DSP chip manufacturers are providing effective multiprocessing

communication tools such as the TMS320C40 & ADSP Z3 with 6 parallel

communication ports on chip & with the necessary logic to provide a zero-chip interface between pairs of these ports! The single most important factor limiting their performance has been the development of a sophisticated software compiling & synchronous scheduling environment. Thus , although multiprocessing can muster sufficient processing power in most cases, but the multiple chips often require more complex programming, consume more power, occupy more board space & often duplicate on-chip resources.

Coming to the rescue are more highly integrated solutions that combine

control & DSP functions on the same chip, saving power, space, resources

& simplifying programming. These include microcontroller with some DSP

computational support added to architecture or conversely ,DSP circuits with controller features & peripherals, highly integrated chips with embedded controller &DSP co-resident on the same chip, fully merged DSP & controller architectures into a single processing engine, & full custom solutions assembled with design library building blocks.
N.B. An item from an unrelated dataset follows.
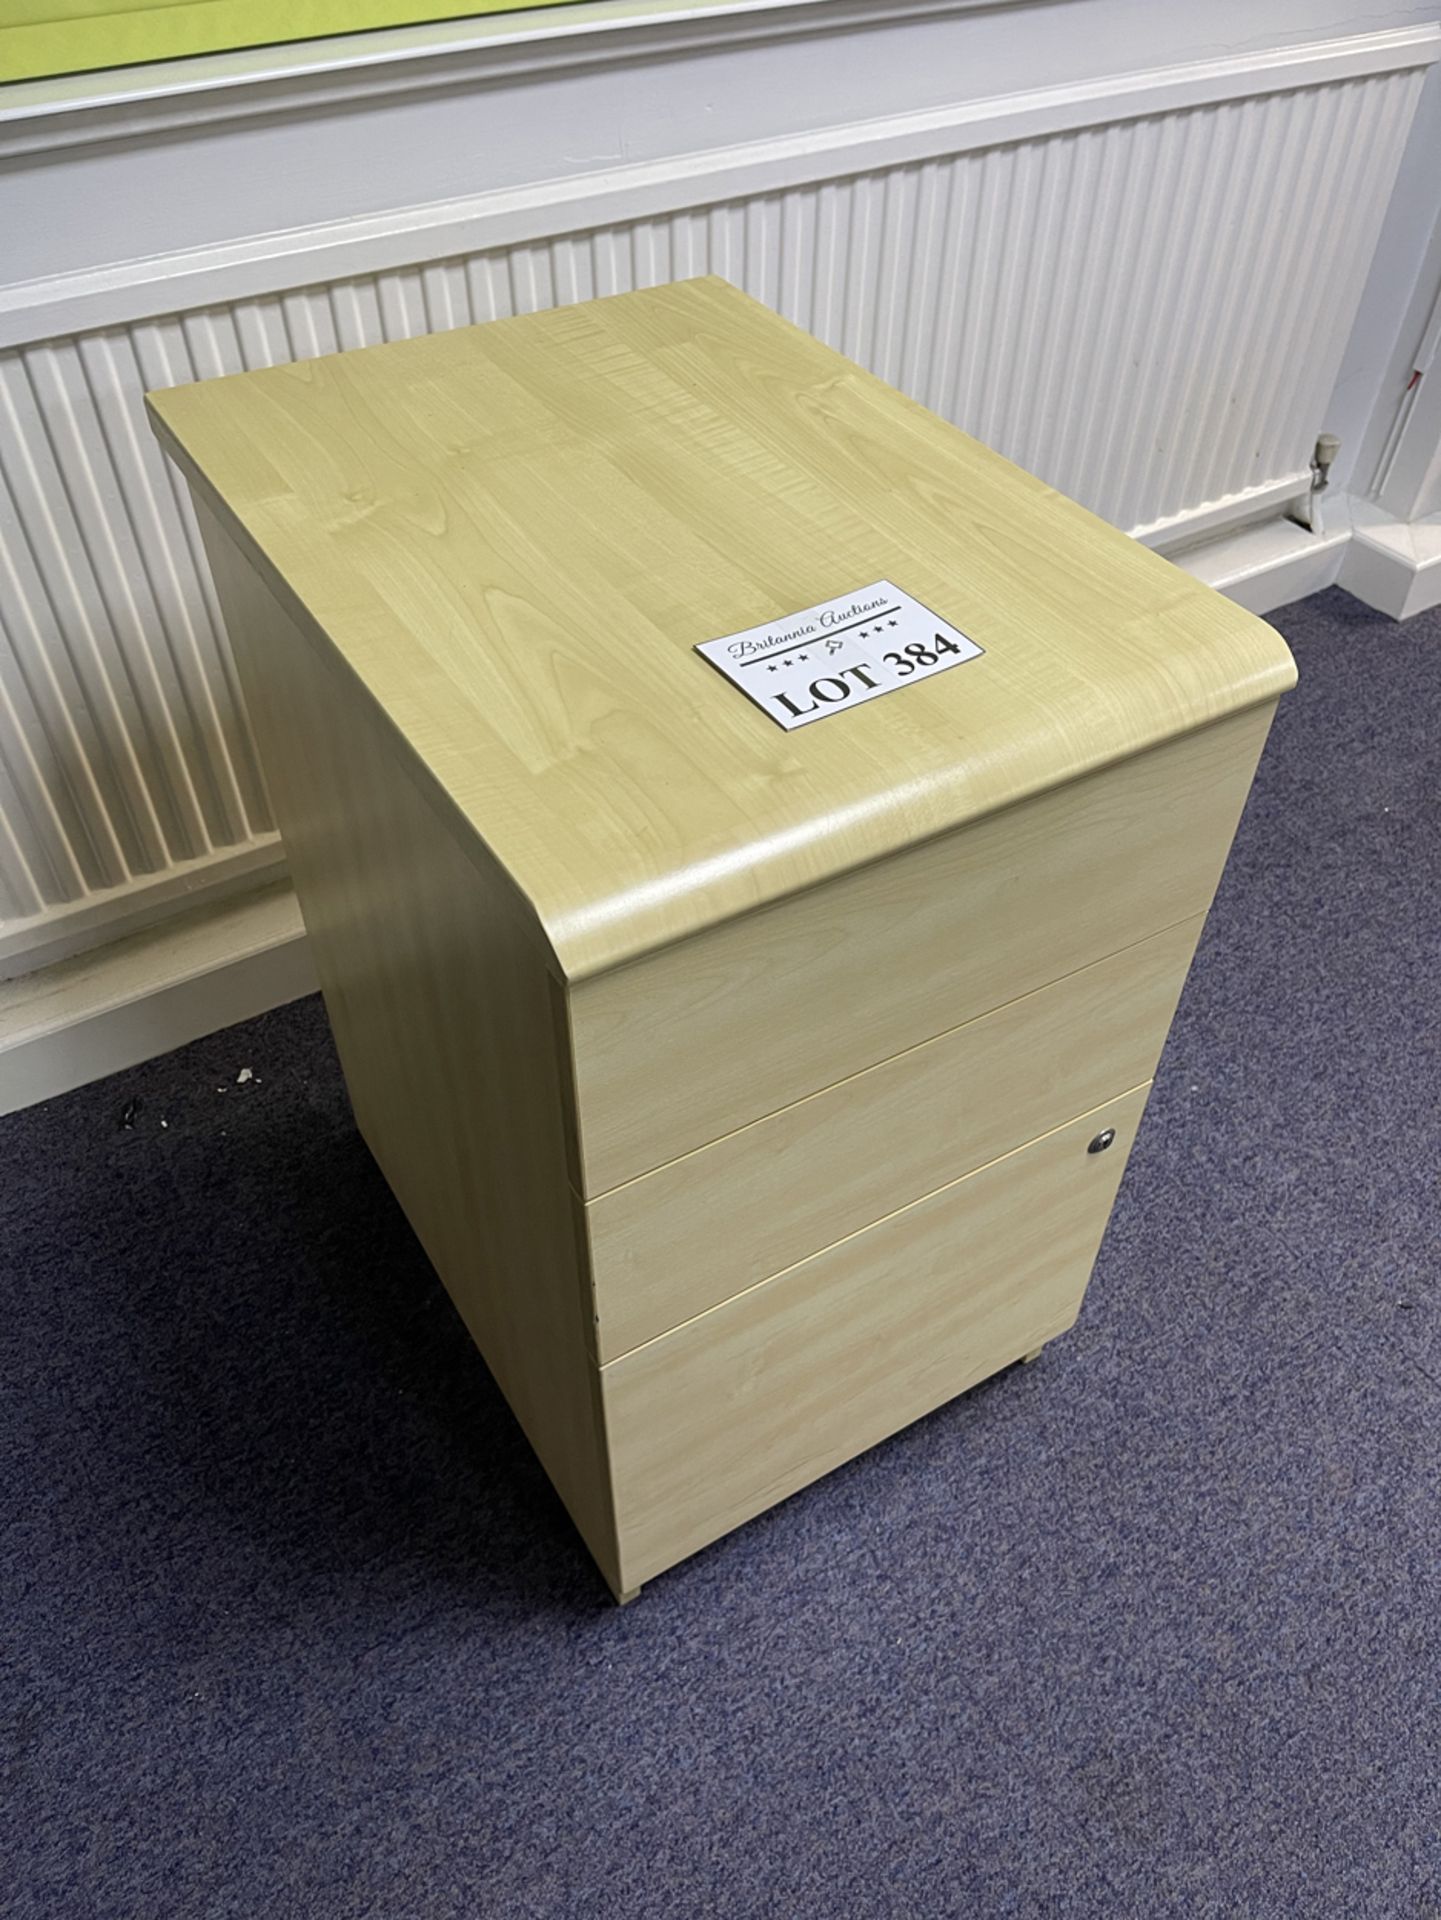 Set of Office Drawers. Dimensions 430mm x 600mm x 730mm High Approx. - Image 2 of 2
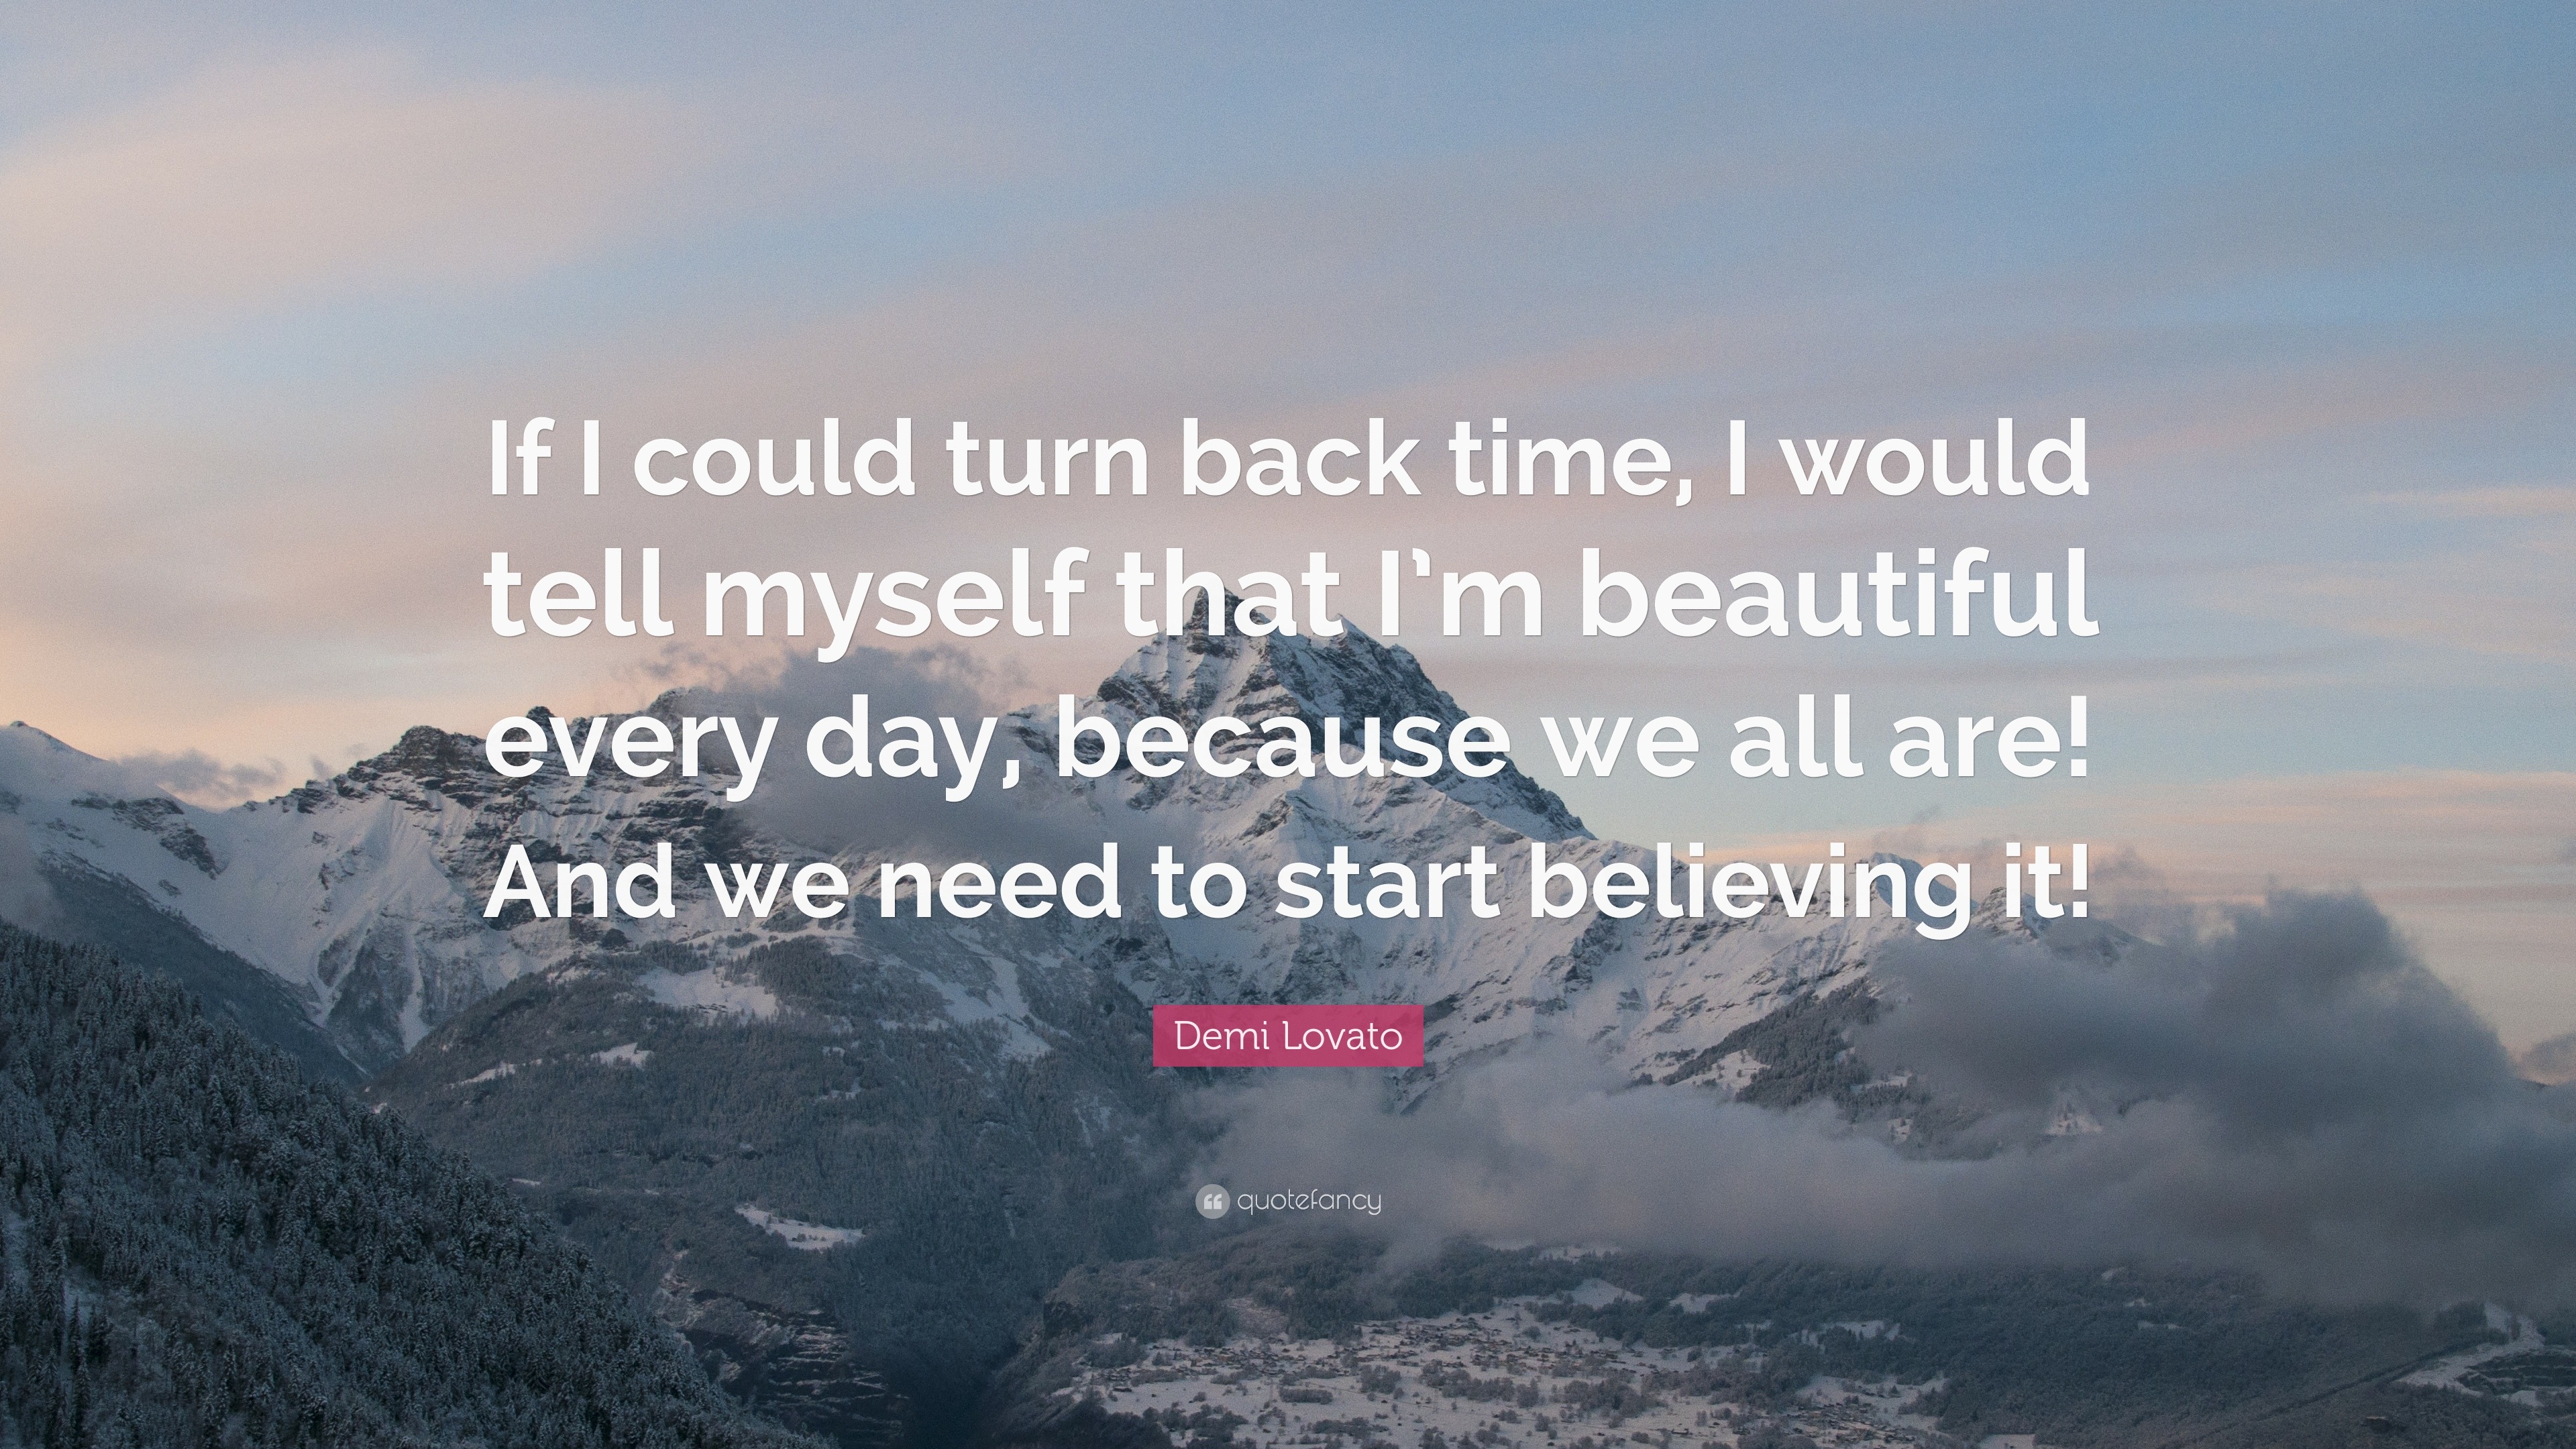 Demi Lovato Quote: “If I could turn back time, I would tell myself that I'm  beautiful every day, because we all are! And we need to start be...”

The chip can interface to a host computer via the External Interface Unit(EIU).The EIU is a multiplexer that allows access to and from memory. In recent versions of programmable processors, EIUs are quite sophisticated and routinely use DMA controllers, communication ports,bus arbiters and serial and parallel I/O ports. Pipelining is one of the most important methods for improving the performance of the processor.

CONCLUSION

The recently-introduced Texas Instruments TMS320C8x and the

well-established Analog Devices ADSP-2106x SHARC processors are the

two highest-performance, floating-point DSPs on the market today. Which

of these two processors provides the highest system performance depends

on the kind of task one is trying to perform. Although devices with wide

instruction words, dual memory, instructions with maximum scope for parallel processing, and short machine cycle times will generally give best performance, it is often the case that the critical factor is the availability of a particular instruction, which is available and fully exploited can make an otherwise unimpressive (and low cost) device the optimal choice.

Assuming that the application can run from internal memory, a 'C67x is more efficient in managing a single high-bandwidth stream than the

SHARC due to the high performance of the external memory interface

(EMIF). An image recognition system, for example, may have a high-

bandwidth pixel stream that is processed by a small correlation kernel

residing in internal memory.

The SHARC, on the other hand is more effective using its DMA resources to manage multiple medium-bandwidth channels, assuming the data is available on the link ports. In applications where I/O data transfers from the I/O port to local DSP memory are interleaved with processor data accesses (local memory to internal registers), there is a trade-off between data-block size and real-time response, no matter which DSP is selected.

Apart from speed the other major performance issues are memory size

(on-board and externally addressable), ease of handling multiple precision

and floating-point arithmetic(in particular, how wide is the data word and what special instructions are provided), and what peripheral devices such as serial and parallel interfaces, timers and multi-processing capability are available on-chip.

The next stage in the DSP evolution is using embedded digital signal

processors in specific applications. In computer systems, DSPs may be employed as attached processors, assisting a general purpose host microprocessor. The DSP market is fast expanding and is expected to reach one billion US dollars within a couple of years, by when DSP chips are likely to be present in every home appliance! So, it is really high time that the microprocessors system designers start using digital signal processors in their applications.